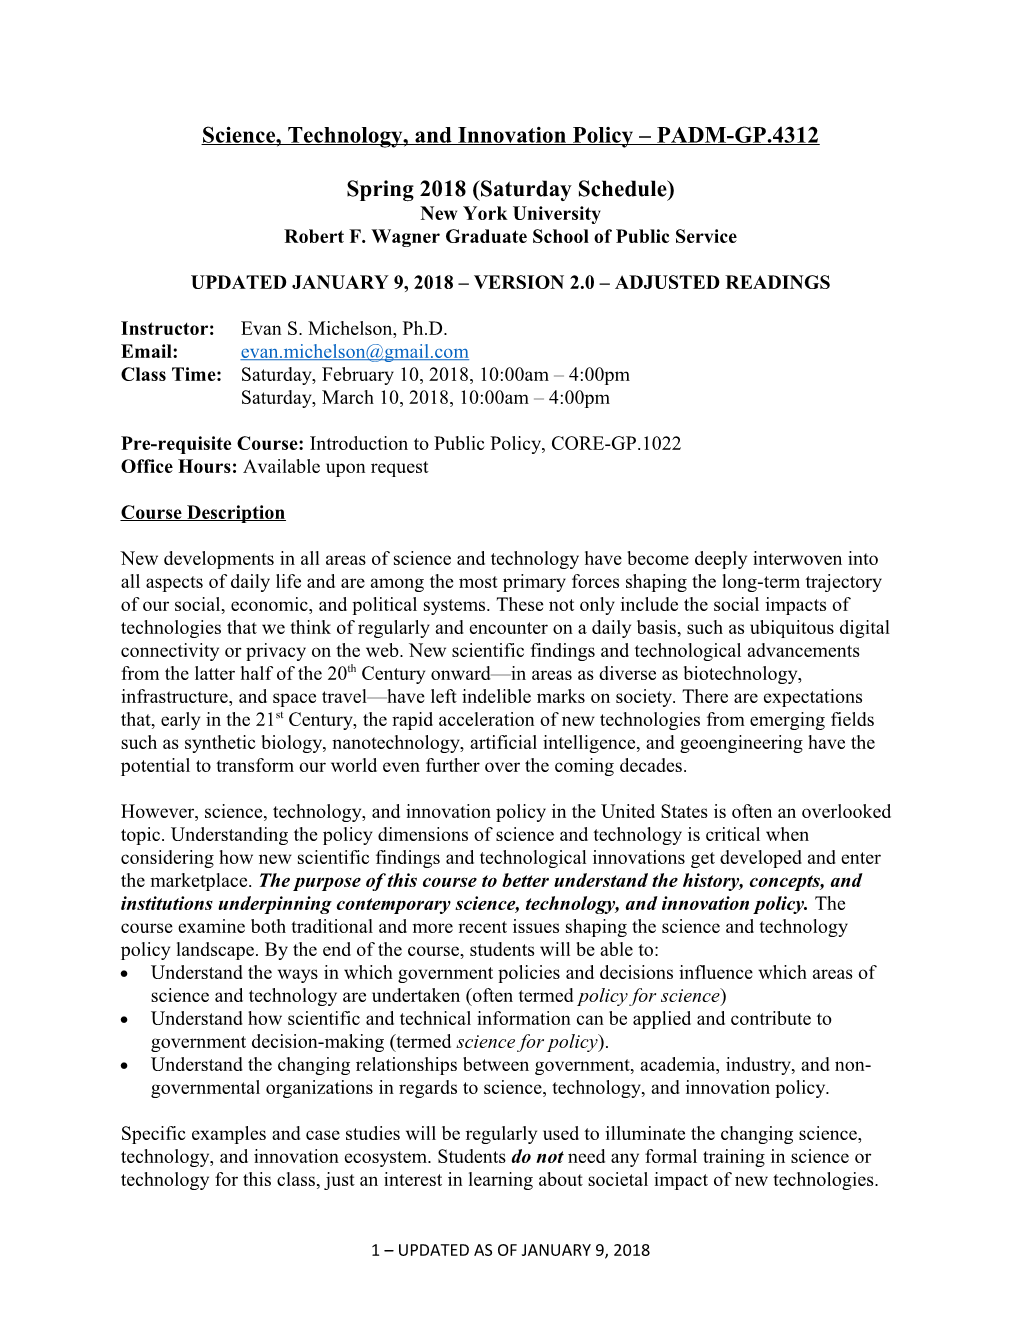 Science, Technology, and Innovation Policy PADM-GP.4312
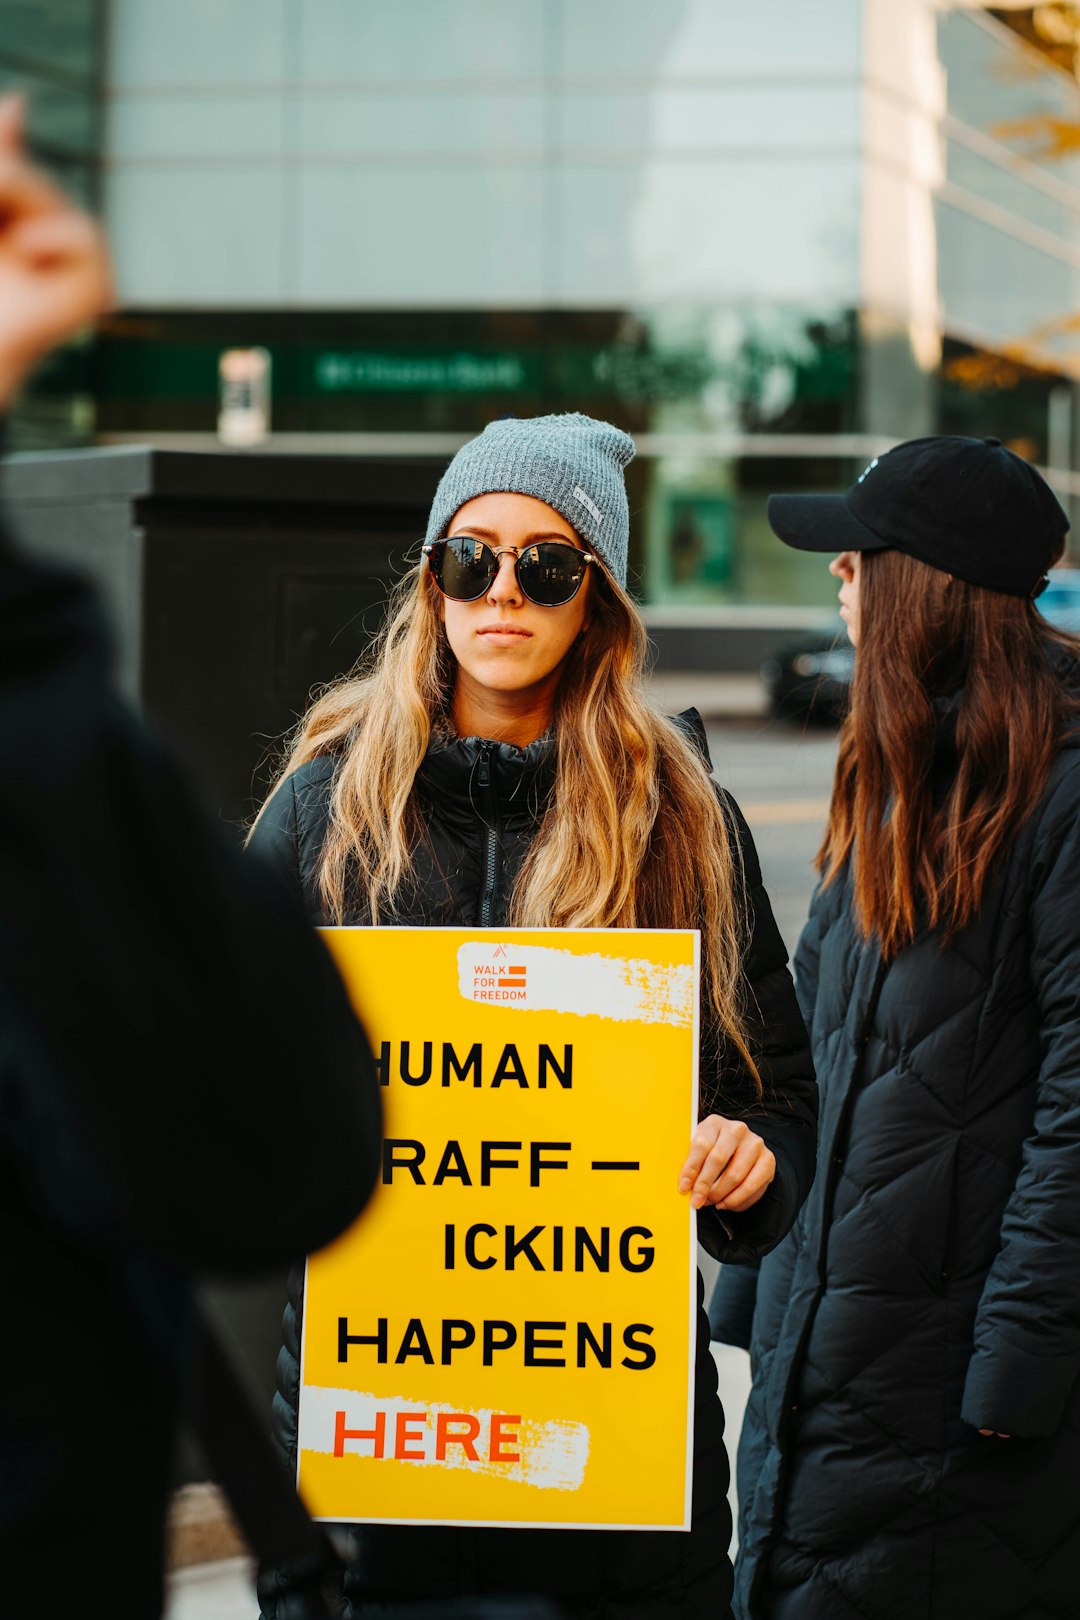 woman in black jacket wearing black sunglasses holding yellow and black signage
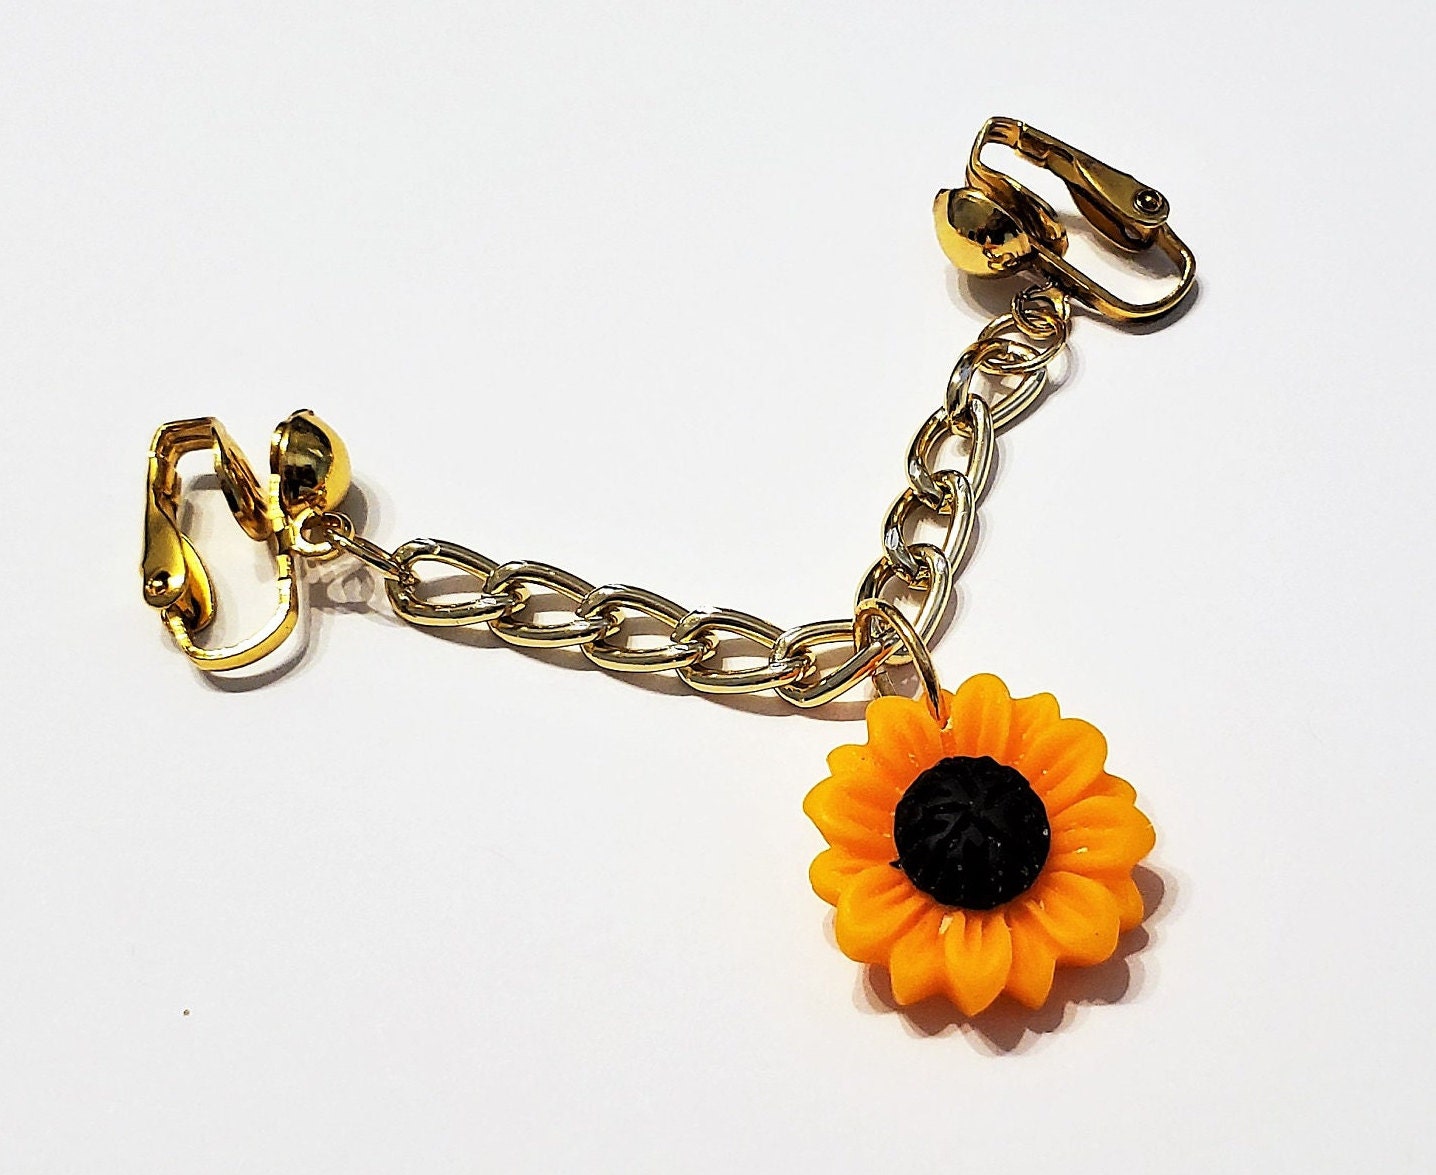 Sunflower Non-Pierced Labia Jewelry, Pussy Clips, Clitoral Lingerie, Clitoral Jewelry, Clit Clamps, Sexy Vaginal Chain, Fake Clit Clip
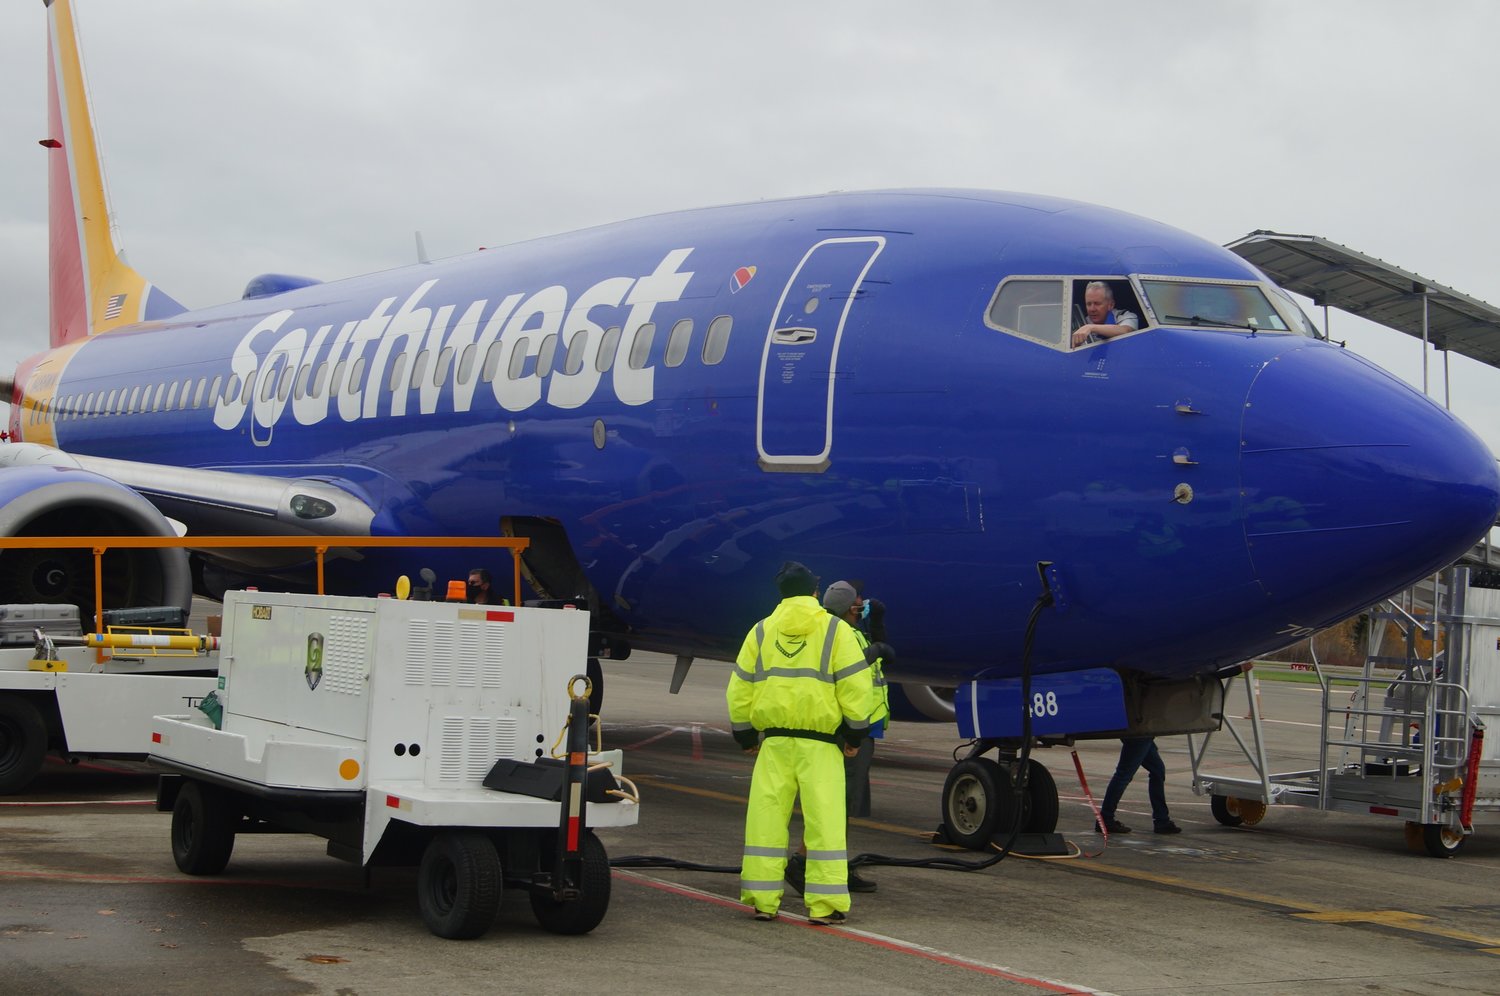 Southwest Airlines officials, Port of Bellingham commissioners and Bellingham mayor Seth Fleetwood celebrated the international airline’s first flight into Bellingham International Airport on November 7, 2021. Arriving passengers were met with a water cannon and terminal festivities.

○ ○ ○ ○ ○ ○ ○

**ACTION ITEM**
Restate the lines above exactly, from the one bearing "woman in black" through the final line of the material, both included, omitting pictures.

**SOLUTION FOR THIS TASK**
 woman in black jacket wearing black sunglasses holding yellow and black signage
 Sunflower Non-Pierced Labia Jewelry, Pussy Clips, Clitoral Lingerie, Clitoral Jewelry, Clit Clamps, Sexy Vaginal Chain, Fake Clit Clip
 Southwest Airlines officials, Port of Bellingham commissioners and Bellingham mayor Seth Fleetwood celebrated the international airline’s first flight into Bellingham International Airport on November 7, 2021. Arriving passengers were met with a water cannon and terminal festivities.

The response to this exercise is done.